Though there are fruitful works for the error-correcting of network coding, most of them have a fatal drawback that they cannot correct corrupted propagated errors which are dense. As far as we know, all the existing works about NEC have an unrealistic assumption: the number of errors in network coding is bounded by a constant which is less than *C*. More so, in the situation where the traditional block codes are used, they assume that the number of errors in network coding is smaller than *C*/2. They cannot correct errors beyond *d*_{min}/2 = (*C* − *k*)/2 < *C*/2 where (*C*, *k*) is MDS linear block code with code length *C* and information length *k*. Only a few studies refer to the assumption that the number of errors in network coding is bigger than *C*/2*.* They are list coding in network coding [8, 9] homomorphic signatures [10]. However, homomorphic signatures based on cryptographic approaches can correct the propagated error which equals *C*. However, cryptographic approaches have great complexity, and it is completely impractical in NEC [10]. Although a novel idea using nonlinear network coding seems a promising method to correct more errors, it cannot solve the problem completely just now and this method needs further being studied [11]. Except homomorphic signatures [10], there is no approach that can cope with propagated error which reaches *C*.

Next, we will give a review of previous research works.
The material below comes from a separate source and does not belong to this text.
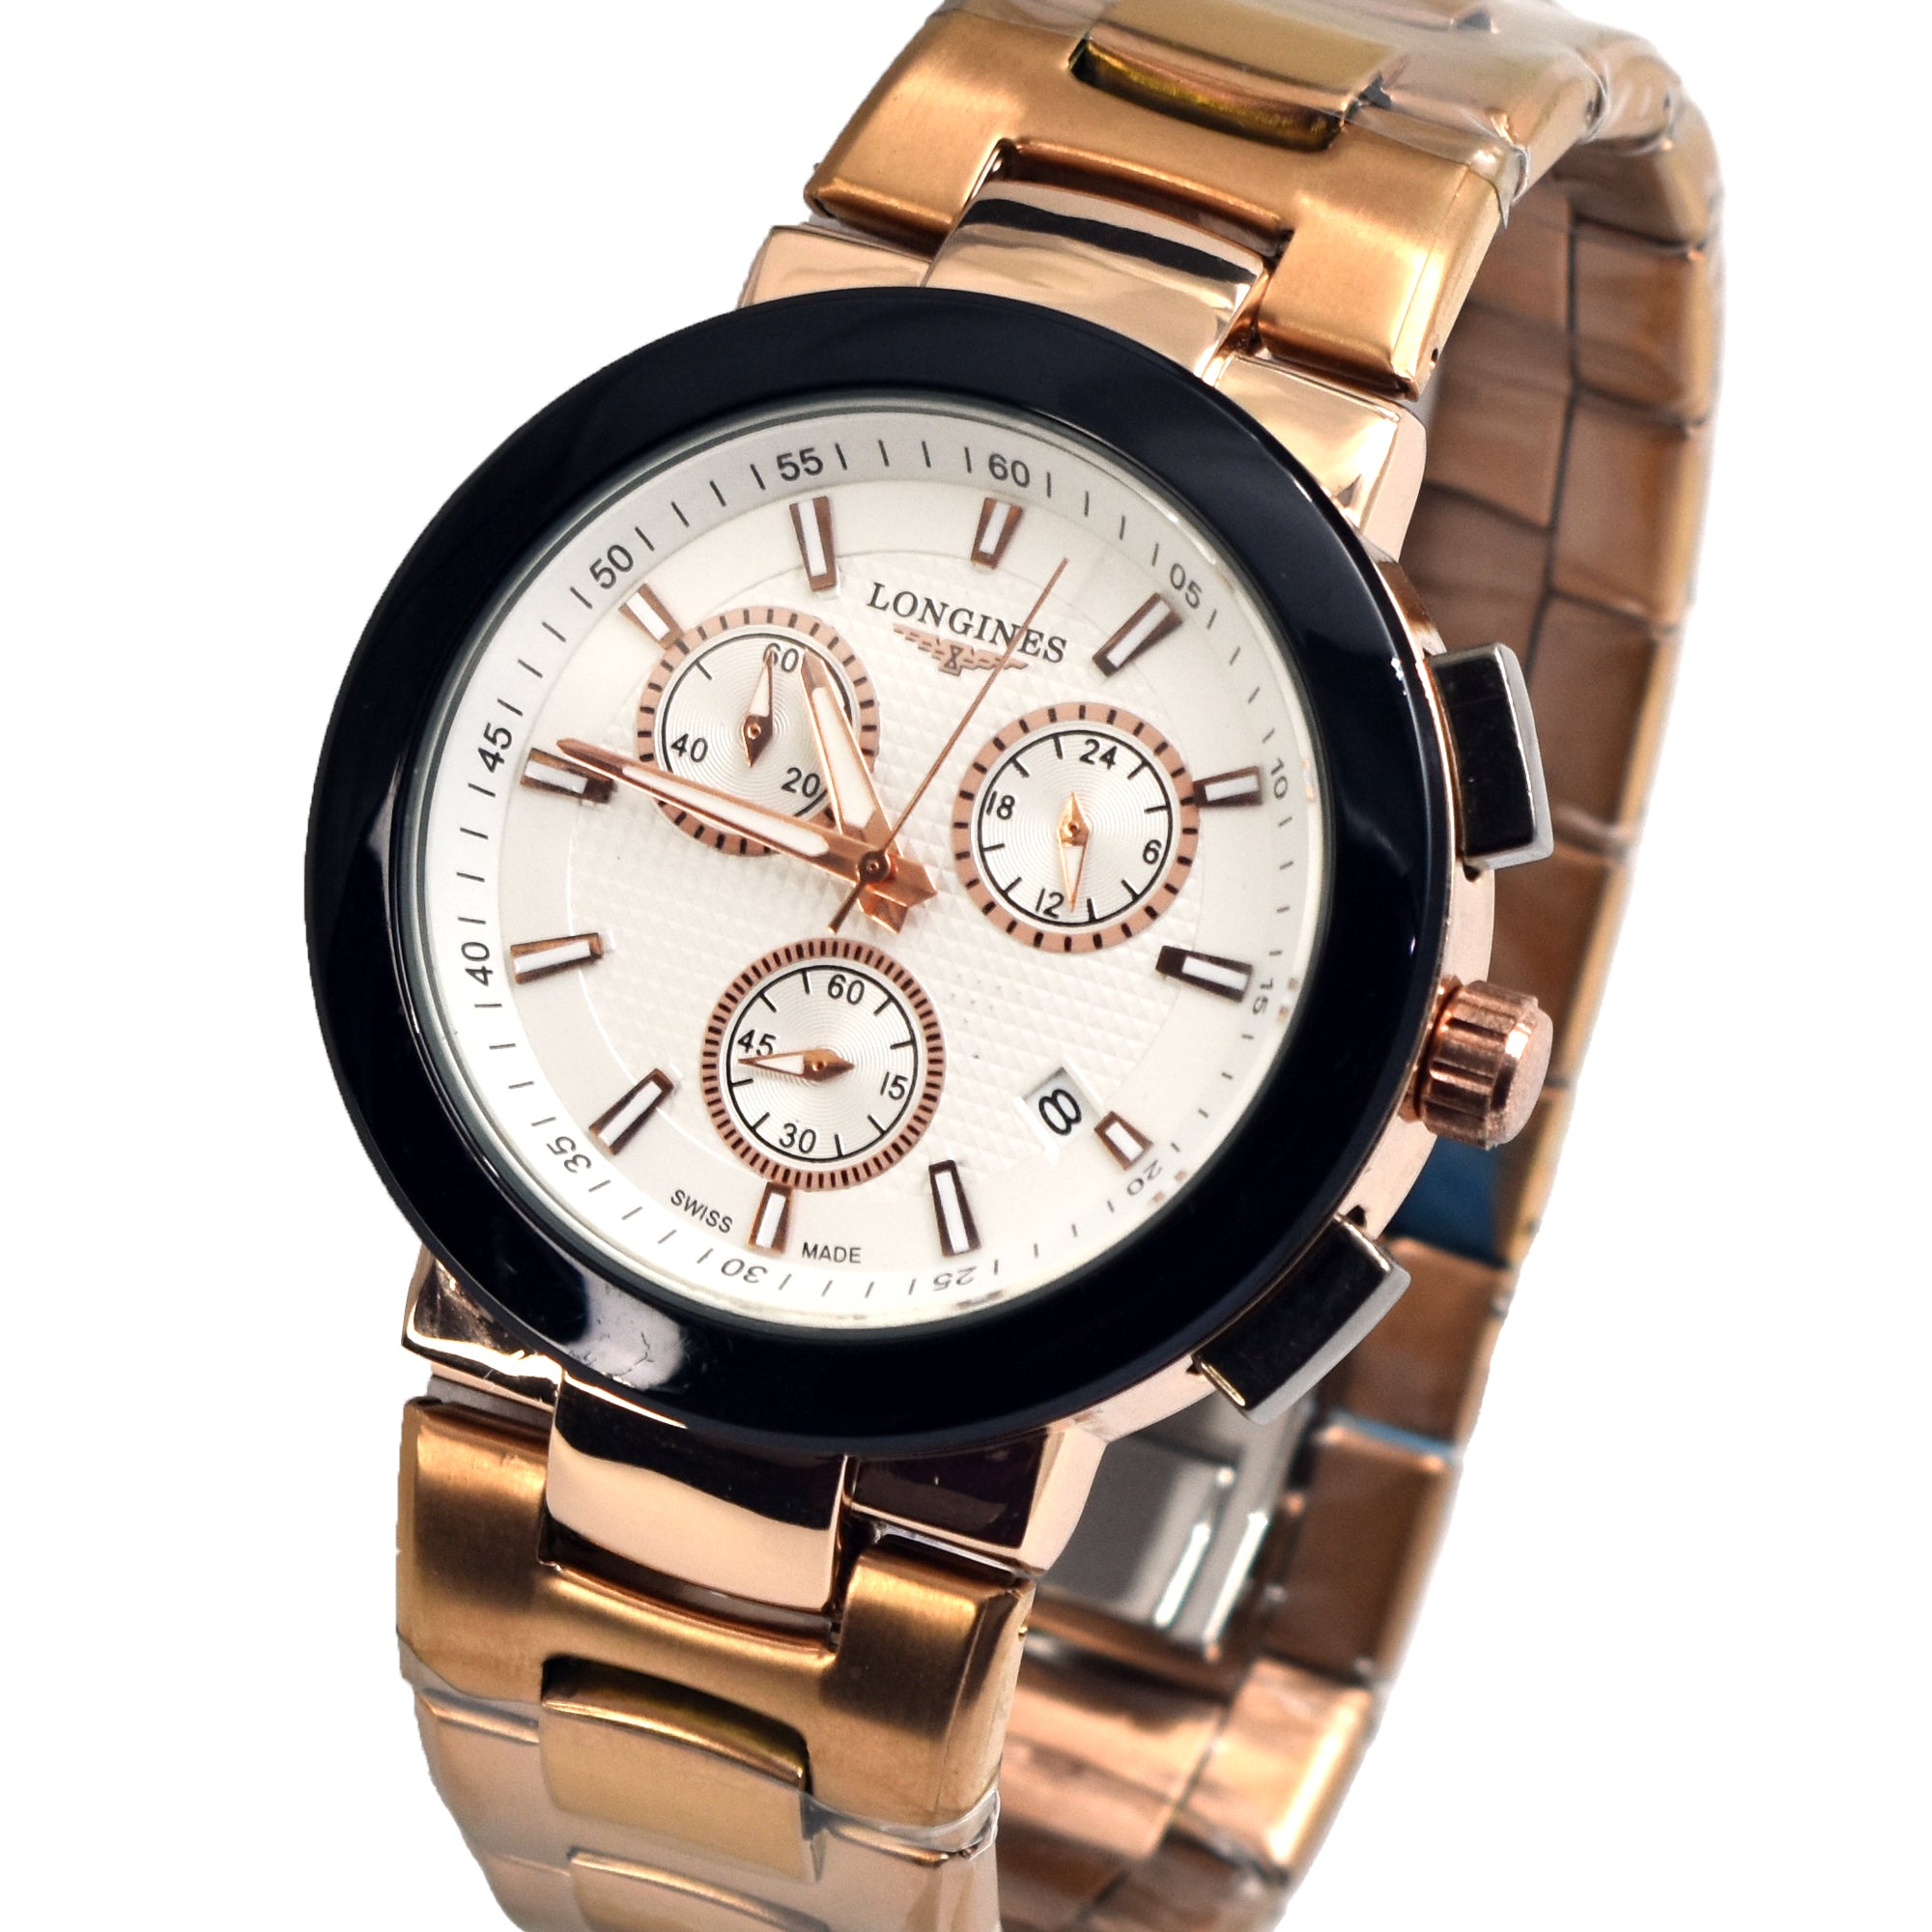 Business Class Premium Quality Quartz Watch - LNG Watch 01

All the mentioned works will be judged from such a perspective: how many errors can be corrected by these methods at most? Can they correct the propagated error which reaches *C*? For limitation of space, we will just outline the most relevant and typical works about NEC. Sanna and Izquierdo [12] has made a survey on NEC.

### Existing error-correcting methods in network coding

Existing solutions can be categorized into cryptographic approaches and information theoretic approaches. Generally speaking, cryptographic approaches have high rate, but they have high complexity. Meanwhile, information theoretic approaches have low complexity, but they cannot cope with the dense corrupted errors beyond *C*/2.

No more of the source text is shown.